静かに扉が閉まった音を聞くと、翠は深いため息を吐いた。心の中のもやもやした物も一緒に吐き出せた様な気がして、少しだけ気持ちが軽くなる感じがした。
半ば無意識、反射的な行動だったとはいえ、月をにらみ付けてしまった事に対しては申し訳なさが残る。怯えた顔を思い出し、後で謝まろうと心に決めた。
悶々と考えるのはこれで終わり。翠は両手で自分の頬を叩き、気持ちを切り替える。
詠が言っていた様に、着替えて早く飯にしよう。昨夜は何も食べずに寝てしまったため、気が付けばすっかり空腹になっていた。
腰帯をほどくと、寝巻きはするりと肩から滑り落ちた。白く滑らかな肌と、張りのある形のよい乳房が露になる。と、胸の谷間で翡翠の首飾りが朝日を受けて光った。胸元に視線を落とし、右手で翡翠の粒をすくい上げる。
さっきの事を一刀が知ったら、嫌な奴だと思われるかな。翡翠の中に一刀の姿が見えた気がして、そんな思いが頭をよぎった。再度、暗く沈みそうになる思考を振り払う様に、何度も頭を激しく左右に振る。
「お帰りなさい、お姉様!」
またもや勢いよく扉が開かれた。同時に大きな声が響く。先程の詠の様に険のある声ではない。丸みのある明るい声だ。
「たっ、たんぽぽ!? 開ける前には声くらい掛けろよな!」
突如部屋に乱入してきた蒲公英に向かい、翠は胸元を両手で隠しながら叫んだ。驚きと恥ずかしさを誤魔化すためか、その声は必要以上に大きい。だが、注意を受けた蒲公英には全くこたえた様子がなく、笑顔を崩さないままでいる。
「も~、そんなに照れなくてもいいのに」
言いながら、蒲公英は後ろ手に扉を閉める。その様子を横目で見ながら、翠は蒲公英に背を向けて急いで下着を身に着け始めた。
背後から蒲公英が近付いてきている気配を感じるが、とりあえずは無視をする。従姉妹に構うよりは、とにかく下着だけでも身に着けて大事な部分を隠したい、という思いが勝っていた。翠が下着を着け終わったのとほぼ同時に、蒲公英が後ろから抱き付いた。

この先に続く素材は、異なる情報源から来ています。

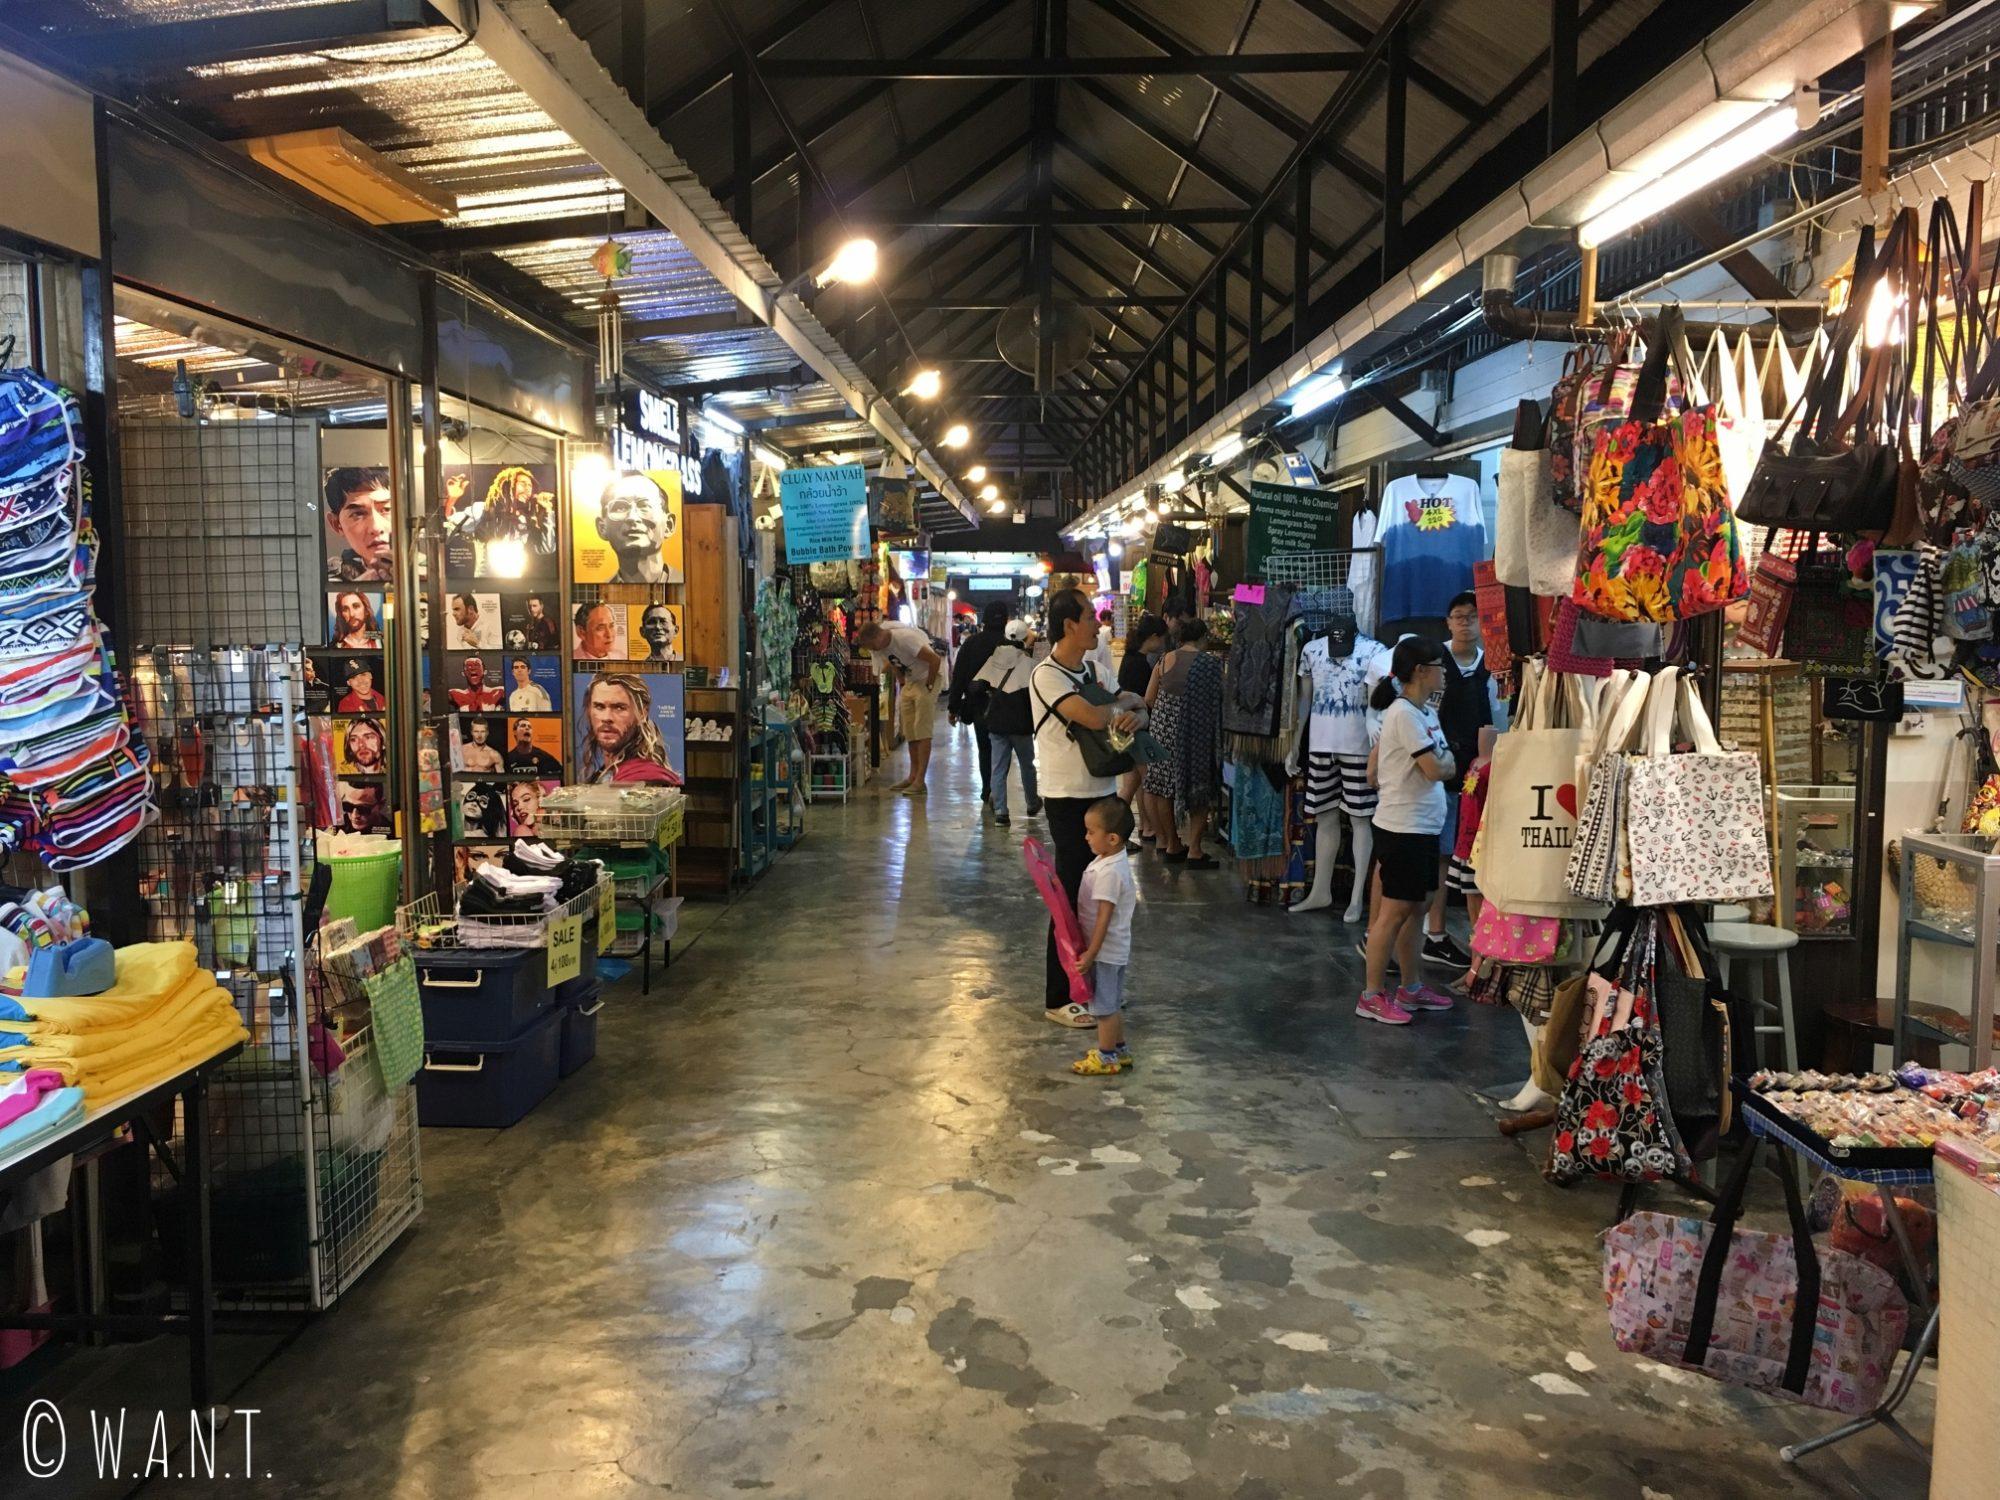 Allée du marché de nuit de Hua Hin

「お姉様ってば、相変わらず恥ずかしがりやなんだから~」
からかう様な口調ではあるが、その顔は純粋に嬉しそうだ。自分の帰還を喜んでくれているのだと、表情だけで感じ取れる。
裏返せば、それだけ心配してくれていたという事だ。事の顛末を伝えてあったとはいえ、やはり直接会えるまでは不安だったのだろう。そう思うと申し訳なく感じるのと同時に、普段は訓練を怠けたりして手を焼かせてくれる彼女の事が愛おしくなってくる。
左の頬に顔を擦り付けてくる蒲公英の頭を、翠は右手で優しくなでる。自分とは違う、柔らかくてしっとりとした癖毛が指に絡み付いて気持ちいい。
「お姉様、この首飾りは……?」
不意に蒲公英が尋ねた。翠の胸元へと向けられた視線の先では、一刀から贈られた翡翠の粒が揺れていた。
「な、何でもないぞ、これは!」
翠は慌てて両手で覆い隠す。大気に触れる事すら拒むかの様に、2つの手の平の間に強く挟み込む。だが、もう遅い。蒲公英の目にはしっかりととまっていた。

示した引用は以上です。